Pourquoi les inventeurs se trompent-ils sur la façon dont nous abuserons de leurs créations ?

En mars 1857, deux ans avant que Thomas Edison n’invente le phonographe, le bureau de brevets français a décerné un brevet à Édouard-Léon Scott de Martinville, un imprimeur parisien, pour une machine qui enregistrait le son. Inspiré par des études anatomiques de l’oreille humaine et fasciné par l’art de la sténographie, Scott avait fait une découverte radicalement nouvelle : au lieu qu’un être humain note des mots, une machine pouvait enregistrer des ondes sonores. Le dispositif de Scott dirigeait les ondes sonores vers un appareil en forme de corne qui se terminait par une membrane. Les ondes sonores provoquaient des vibrations dans la membrane, qui étaient ensuite transmises à une pointe faite d’une brosse rigide. La pointe gravait les ondes sur une page sombre à cause de la poussière de carbone de la lampe noire. Il appelait son invention un phonautographe : l’écriture automatique du son. Dans les annales de l’invention, il n’y a peut-être pas de mélange plus curieux de perspicacité et de myopie que l’histoire du phonautographe. D’une part, Scott avait réussi à faire un saut conceptuel crucial – la réalisation que les ondes sonores pouvaient être extraites de l’air et gravées sur un support d’enregistrement – bien avant que d’autres n’y parviennent. (Quand vous êtes deux décennies en avance sur Edison, vous vous en sortez plutôt bien.) Mais l’invention de Scott était entravée par une limitation cruciale, voire comique : il avait produit le premier appareil d’enregistrement sonore. Mais il a omis de prévoir la lecture.
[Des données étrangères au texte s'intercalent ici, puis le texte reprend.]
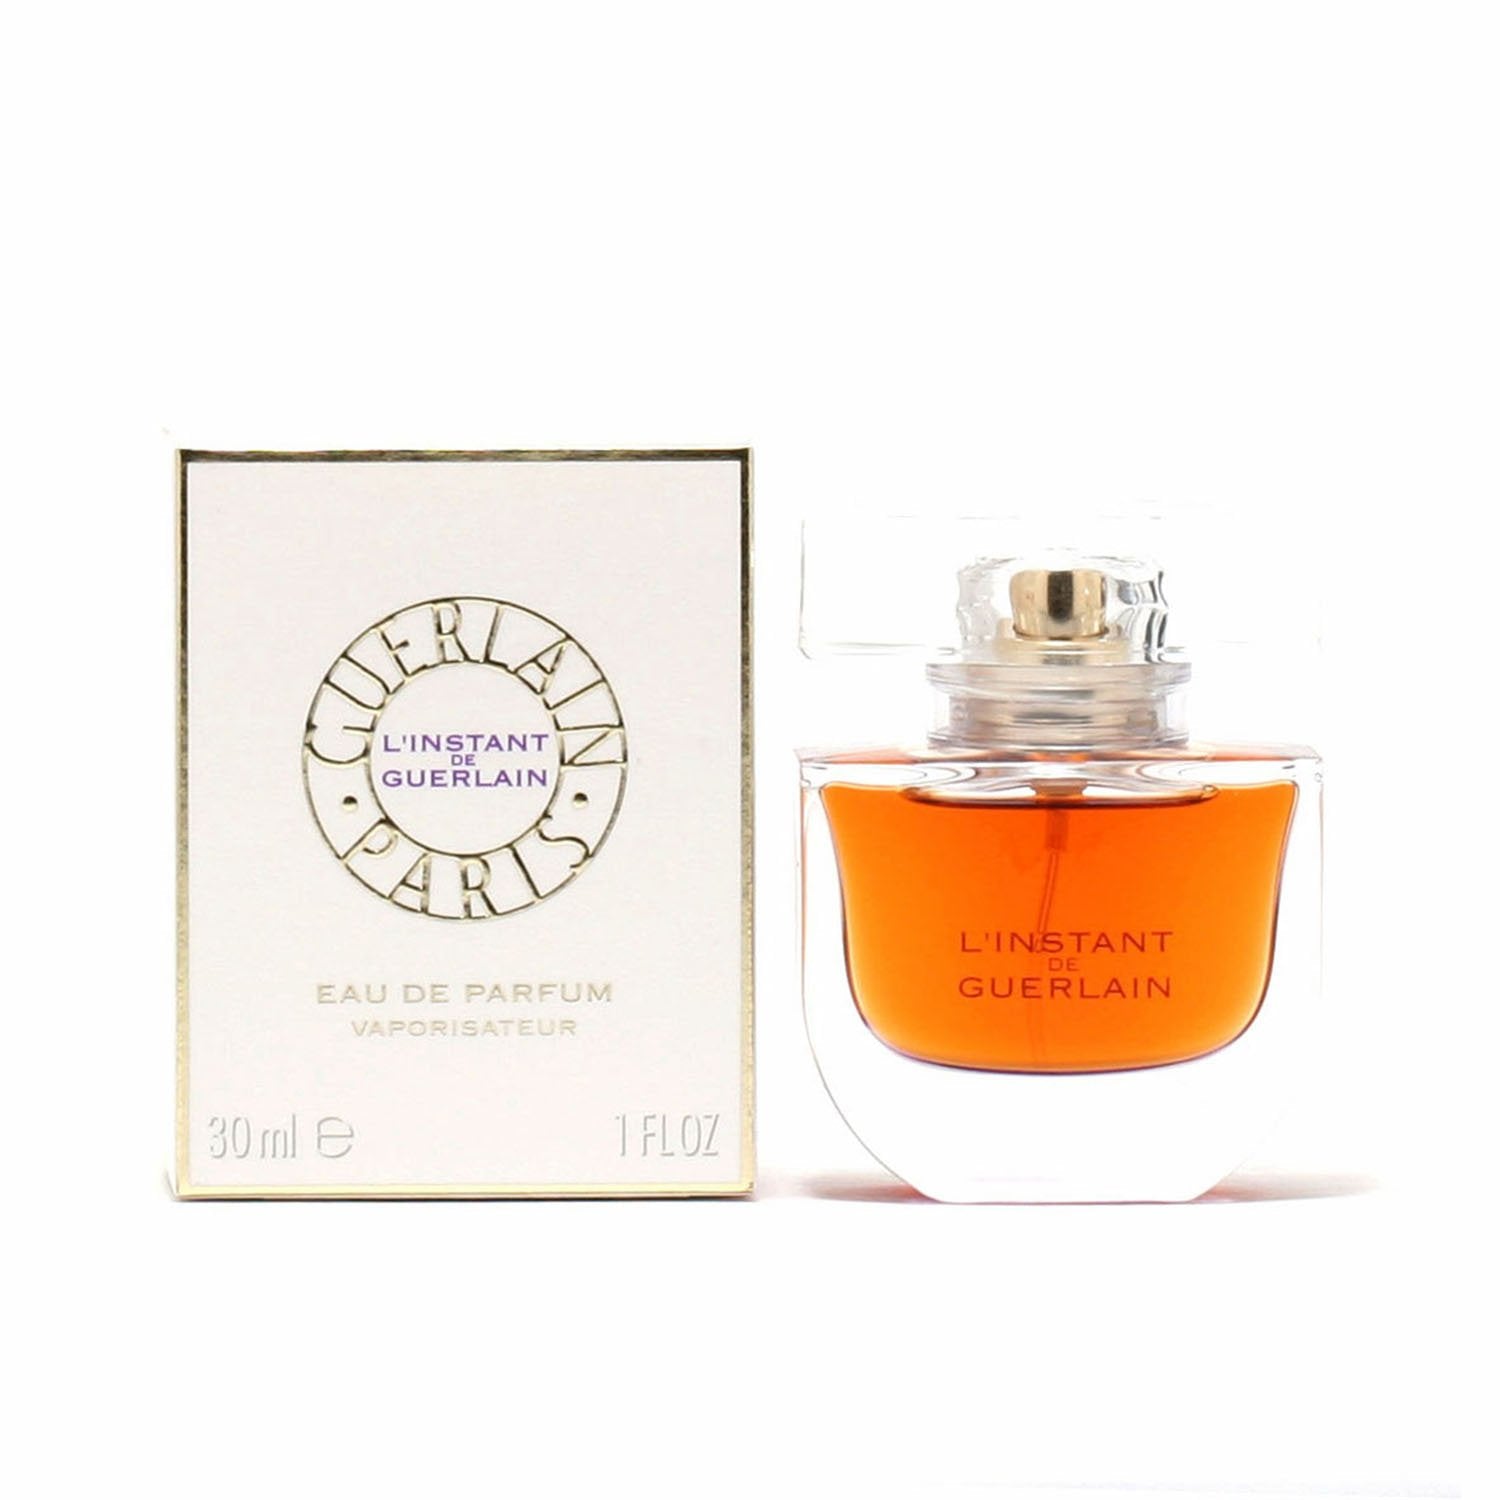 Perfume - L'INSTANT DE GUERLAIN FOR WOMEN BY GUERLAIN - EAU DE PARFUM SPRAY

Il nous semble maintenant évident qu’un appareil d’enregistrement sonore doit comporter une fonction permettant de entendre l’enregistrement. Mais c’est un hindsight. L’idée que les machines puissent transmettre des ondes sonores provenant d’ailleurs n’était ni intuitive ni évidente. Ce n’est pas que Scott ait oublié ou n’ait pas pu faire fonctionner la lecture audio ; c’est que l’idée ne lui est jamais venue à l’esprit. C’était dans son aveuglement. Pour des raisons compréhensibles, lorsque nous racontons des histoires d’innovation technologique, nous avons tendance à nous concentrer sur l’intuition et même sur une forme de clairvoyance – les gens qui peuvent voir l’avenir avant les autres. Mais il y a un côté flip à une telle perspicacité qui ressort encore et encore dans l’histoire de l’innovation : les aveuglements, les possibilités qui nous ont échappé mais qui, a posteriori, nous semblent évidentes.